Heidegger face à la modernité : interview de l’auteur Jacques Attoumbré

1 septembre 2026

La pensée de Martin Heidegger demeure l'une des plus exigeantes de la philosophie contemporaine. Pourtant, elle éclaire avec une étonnante acuité les questions soulevées par notre civilisation technologique. Dans Heidegger et la modernité, Jacques Attoumbré Yoboua propose une lecture accessible de cette œuvre majeure. Il revient ici sur les raisons qui l'ont conduit à écrire ce livre, la pertinence actuelle de Heidegger et les défis que cette pensée adresse à chacun de nous.

Votre ouvrage propose une nouvelle lecture de Heidegger. Pourquoi revenir aujourd'hui à un philosophe souvent considéré comme difficile et éloigné de nos préoccupations quotidiennes ?
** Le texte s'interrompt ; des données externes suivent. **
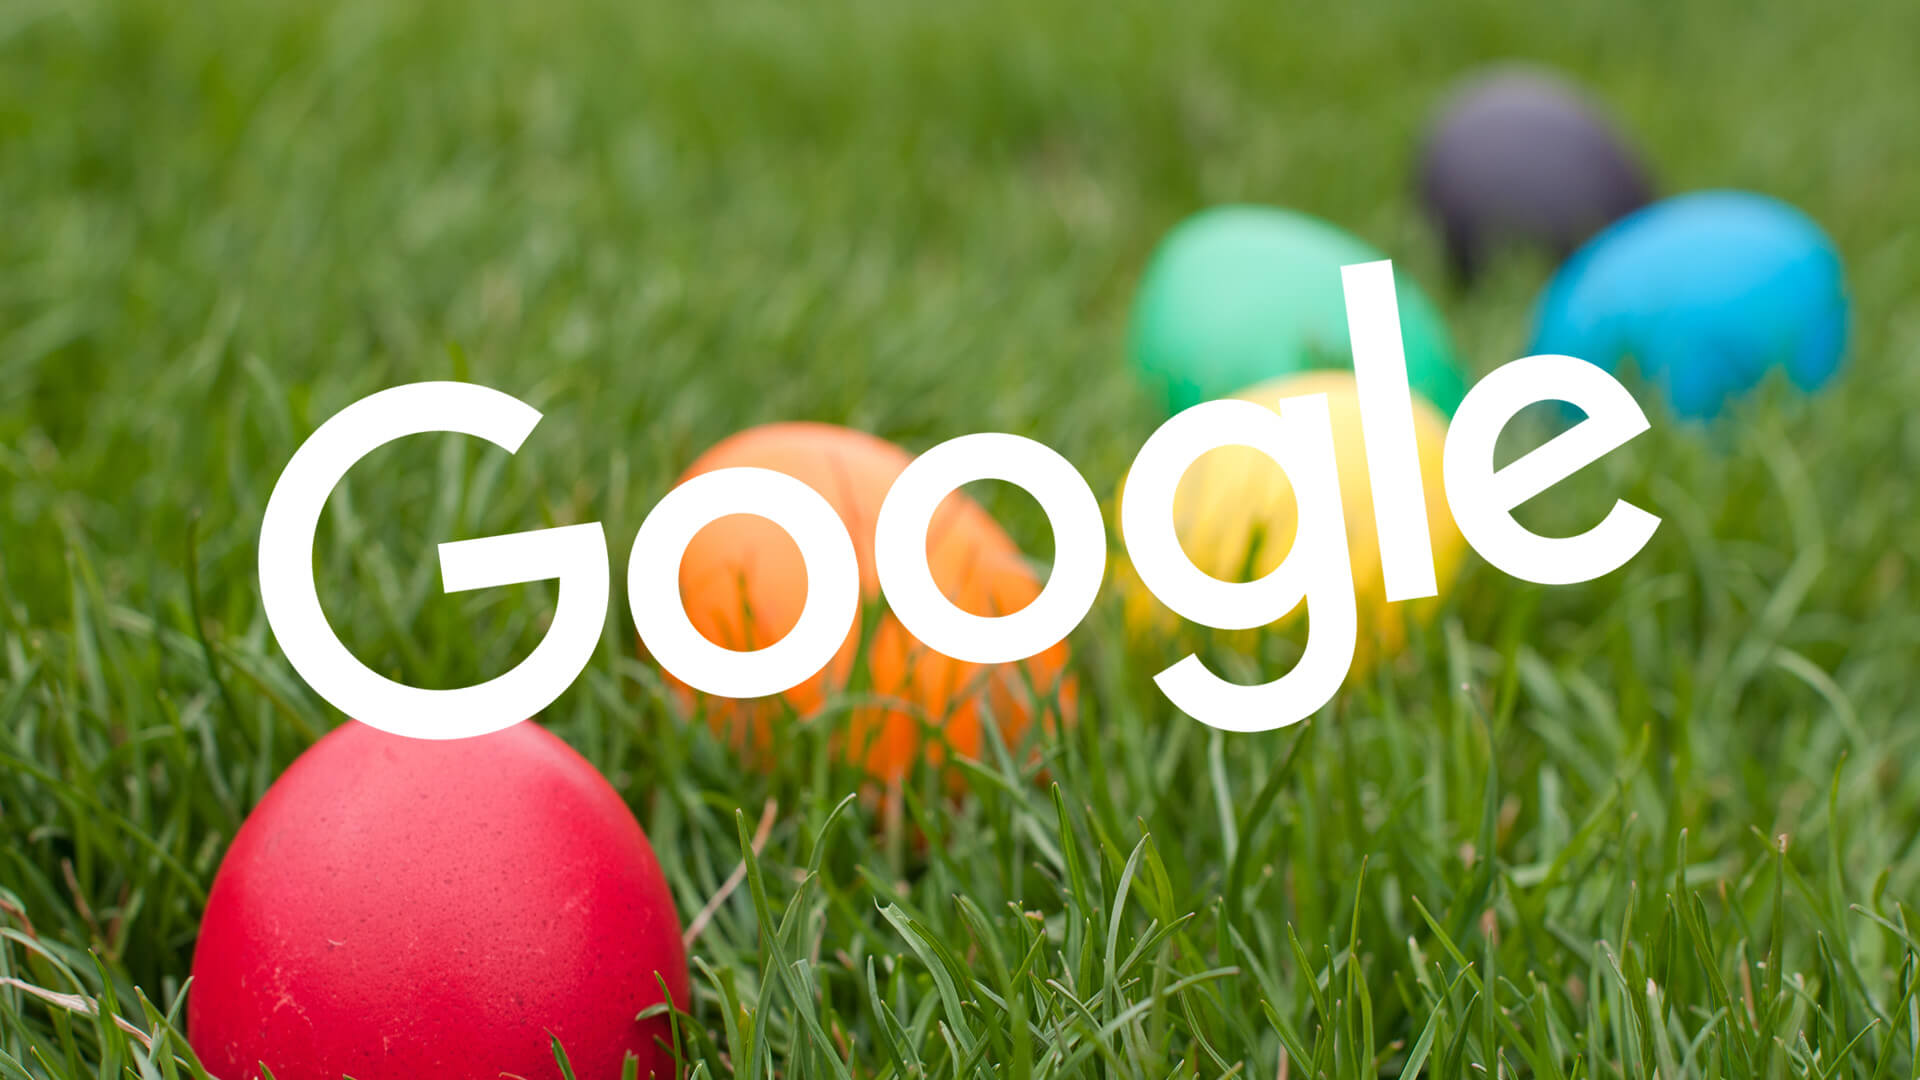 Google's latest Easter Egg is a video game that shows up with

C'est précisément parce que cette réputation est trompeuse. Heidegger est sans doute exigeant, mais il aborde des questions qui concernent chacun de nous. Nous vivons dans un monde où la technique occupe une place centrale, où les innovations se succèdent à un rythme inédit, où l'efficacité devient un critère presque universel. Heidegger s'interroge sur les conséquences profondes de cette évolution. Il ne demande pas seulement ce que la technique nous permet de faire ; il demande ce qu'elle fait de nous.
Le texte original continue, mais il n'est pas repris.